And more so, in the week before the current election you pushed, just how divided the country was - targeted as well, little doubt, and that was enough to produce another conservative majority (to just get it over with). Remember how polling hadn't shown the outcome until a day before the election?

Yes, thats what facebook advertising can do for you.  Mobilize people with targeted messaging within two days. No political deliberation, just playing to peoples limbic systems.

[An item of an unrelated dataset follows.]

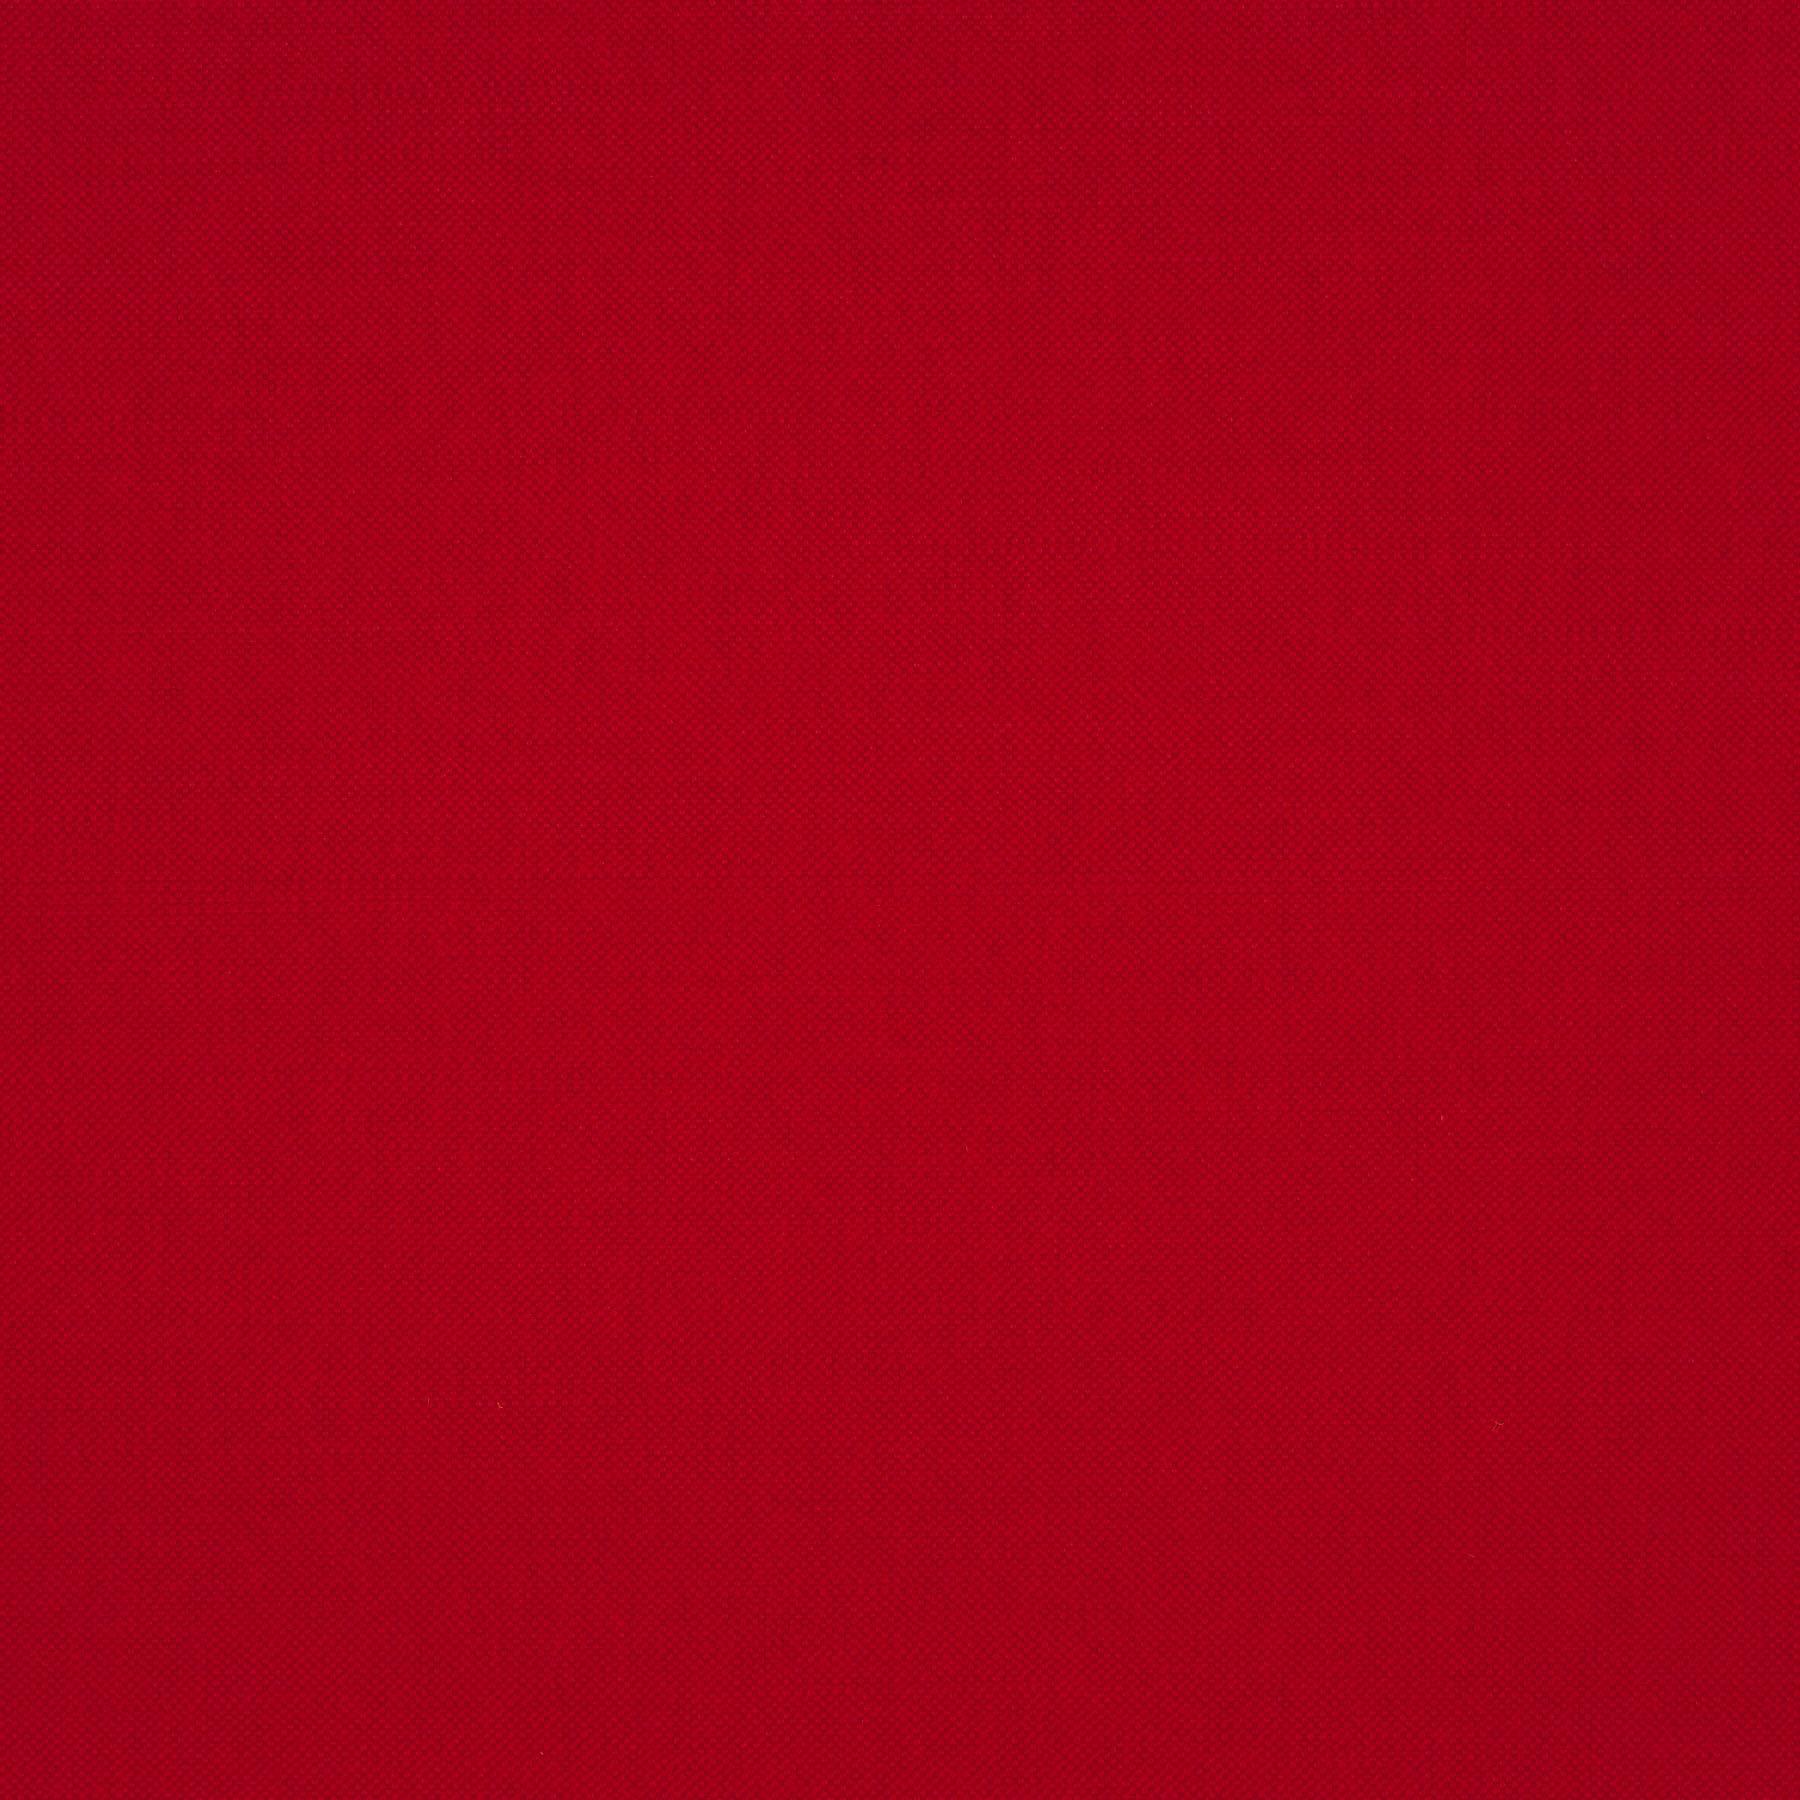 dyb rød hot madison CH1249/013-0

And how truthful was the messaging?
https://www.bbc.com/news/technology-50726500

Ups. Democracy is over.


----------



## Hanafuda (Dec 14, 2019)

Protesting because the election didn't go as they expected. Can't accept any outcome except the one where they get what they want. 

I know a few words for this type behavior and they're not complimentary.


----------



## notimp (Dec 14, 2019)

Eh...

Protests now, actually might be whats needed. but for a different reason. Here is the German perspective - Der Spiegel, just coined the phrase 'the gease voted for christmas'.

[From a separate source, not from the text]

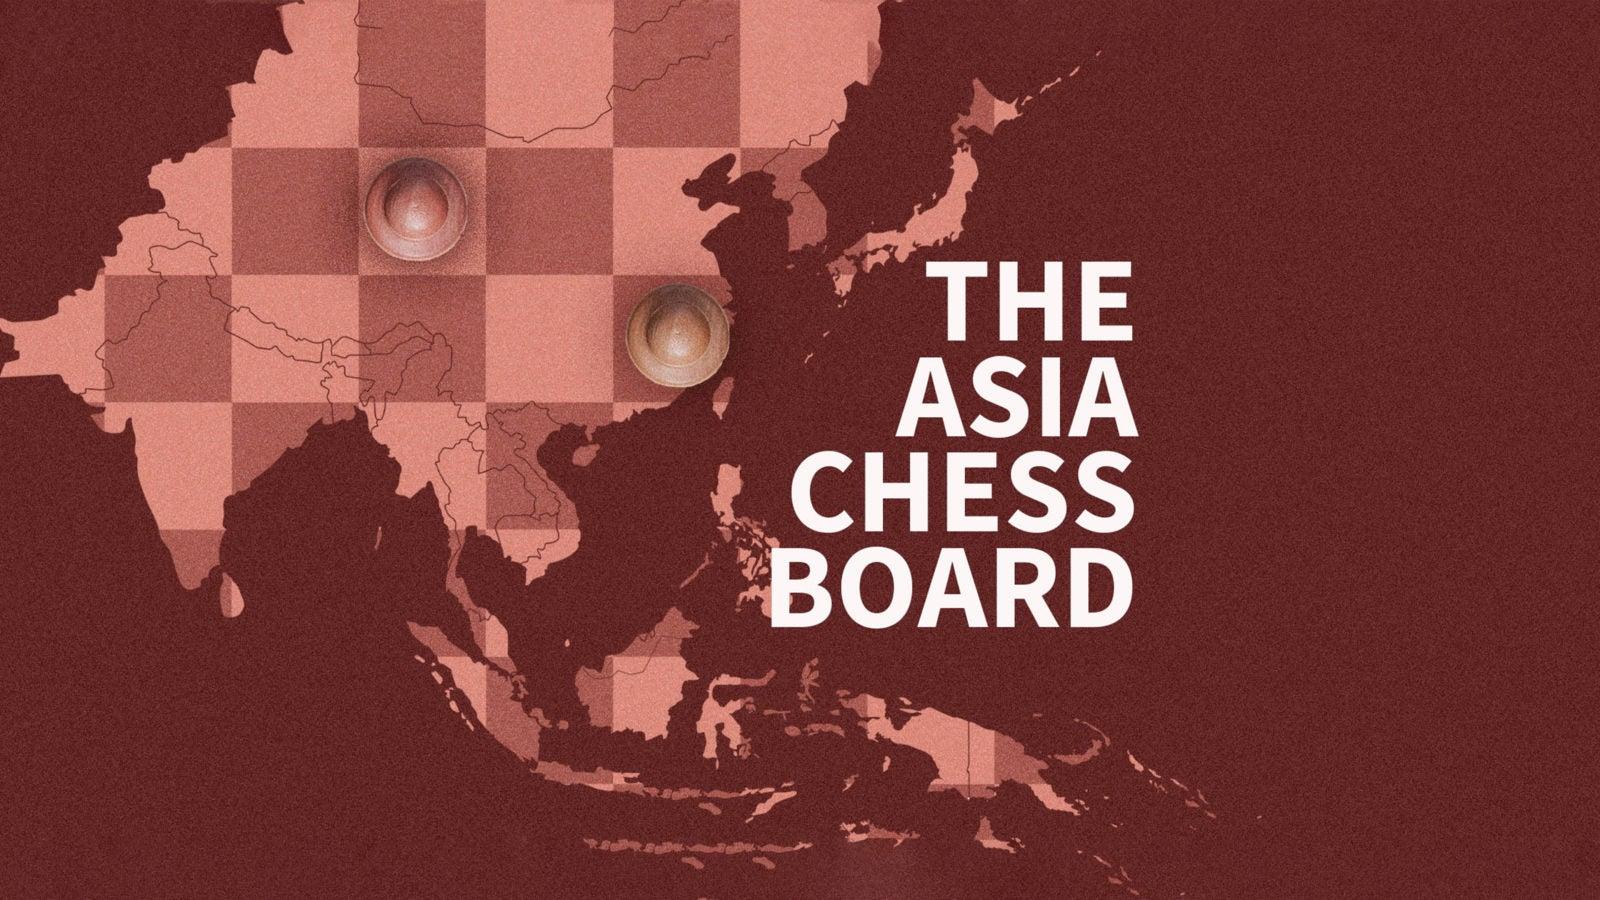 The Asia Chessboard logo

So the thing currently is - that you gave the tories an absolute majority - and you gave it to a guy thats from the 'experimental' fractions, so no one is too sure what he is going to do - despite Brexit.

So Brexit is a done deal now. European newspapers all over the place are printing headlines 'the pro european narrative in GB is no more'.

But.

UK currently has a big issue with income disparity, a high fraction of poor people, and due to Brexit will go into another recession mid term (same as the EU, not trying to play games here). And in those times, you voted in a Tory who is by no means a centrist. So what we are hearing through the grapevine is, that he could push further market liberalization. Alienate scottish interests, and just go full free market lackey. This eventually will give you an advantage economically, but poor people will suffer even more.

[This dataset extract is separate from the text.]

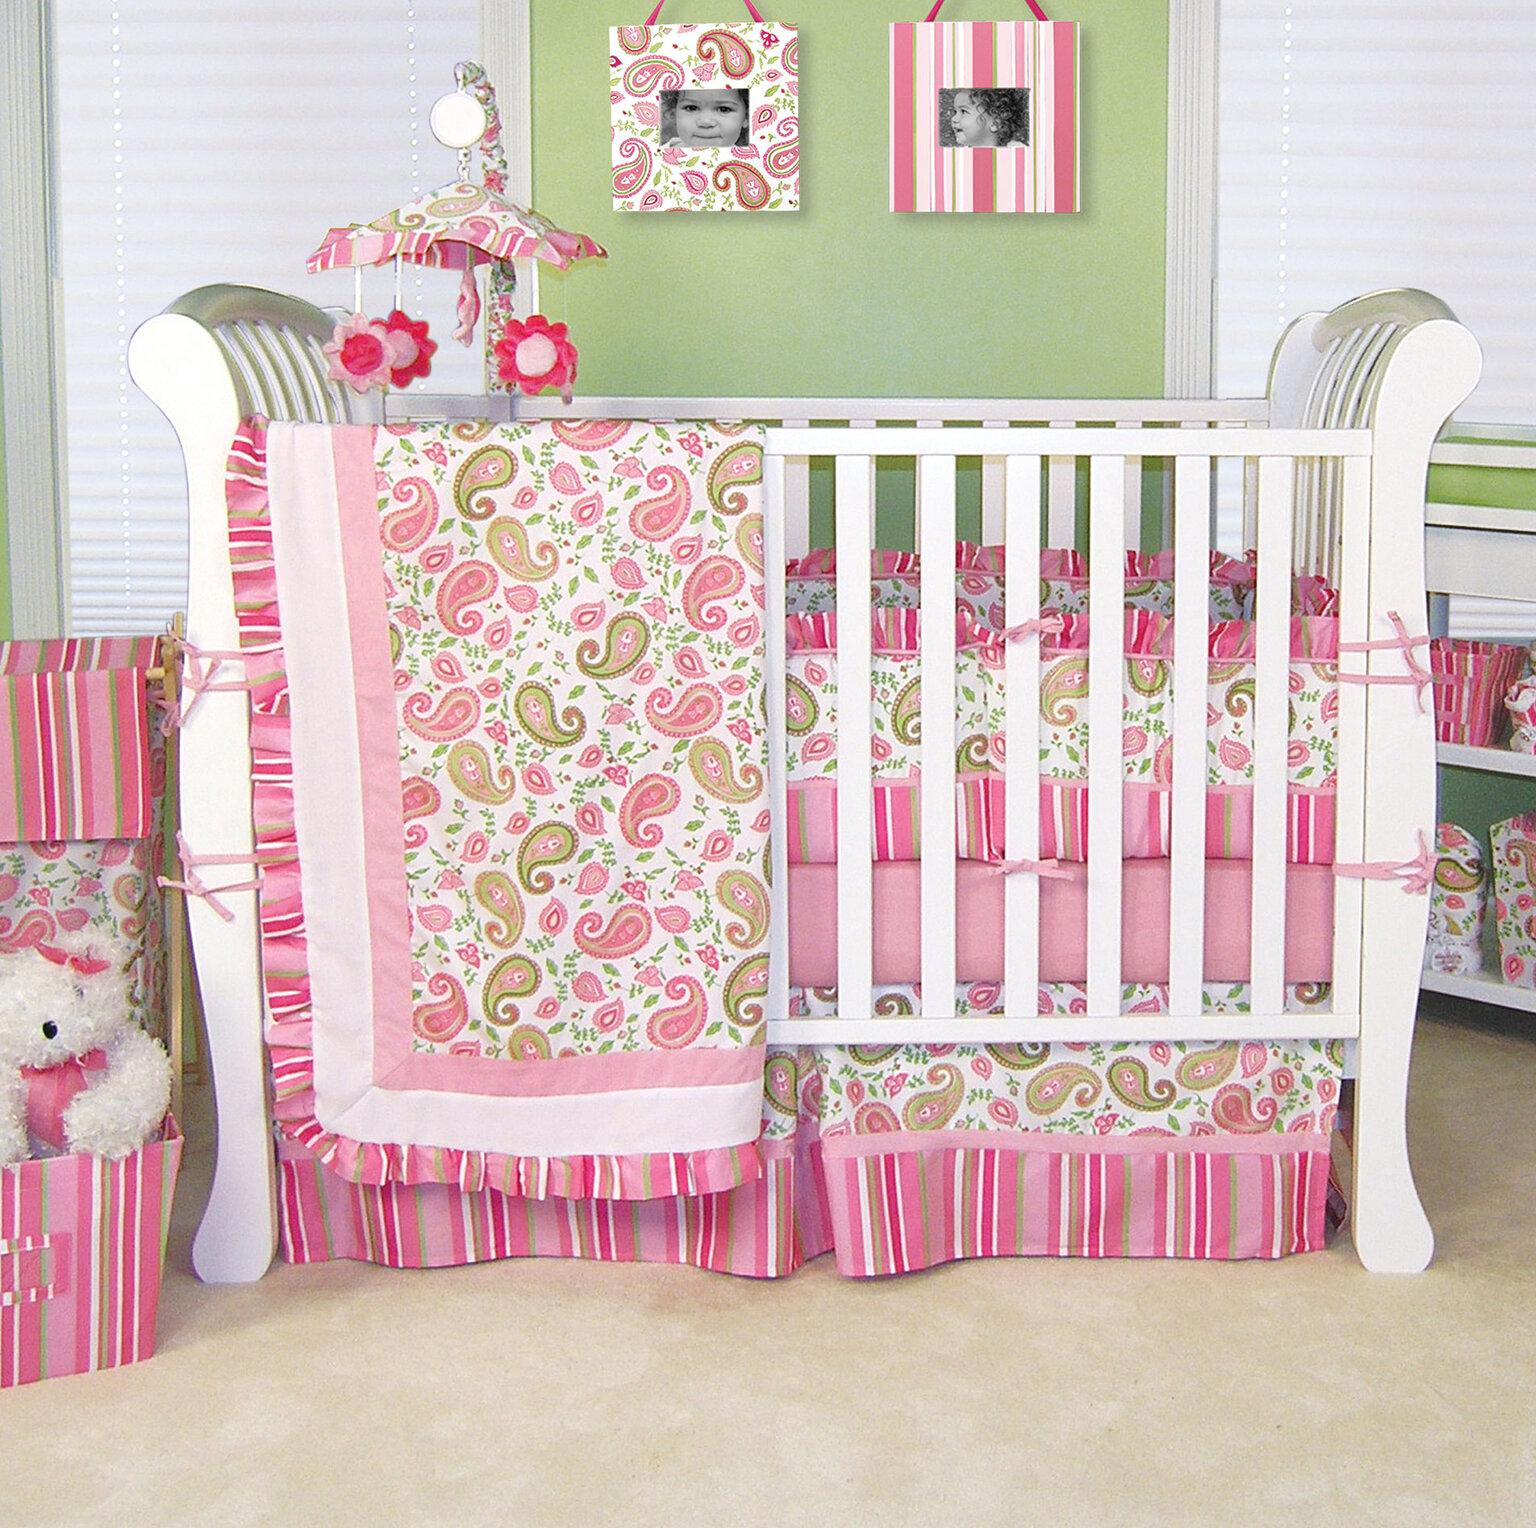 2b4f72e76246 Harriet Bee Tomko Paisley 4 Piece Crib Bedding Set   Reviews

So now is the time to plead, that thats not happening. Hence - demonstrations.

The question thats now open is, will he repair the cleft within society - or double down.

What especially baffles liberal elites in europe currently, is why so many people in those elections f.e. still voted for the lib dems - this was a deciding election on your political future - and many people wasted their vote by voting for a party that had no chance of mattering in the current situation. To which I reply - hey if you run your elections on fake info on facebook... (  )


----------



## JoeBloggs777 (Dec 14, 2019)

notimp said:


> Eh...
> 
> What especially baffles liberal elites in europe currently, is why so many people in those elections f.e. still voted for the lib dems - this was a deciding election on your political future - and many people wasted their vote by voting for a party that had no chance of mattering in the current situation. To which I reply - hey if you run your elections on fake info on facebook... (  )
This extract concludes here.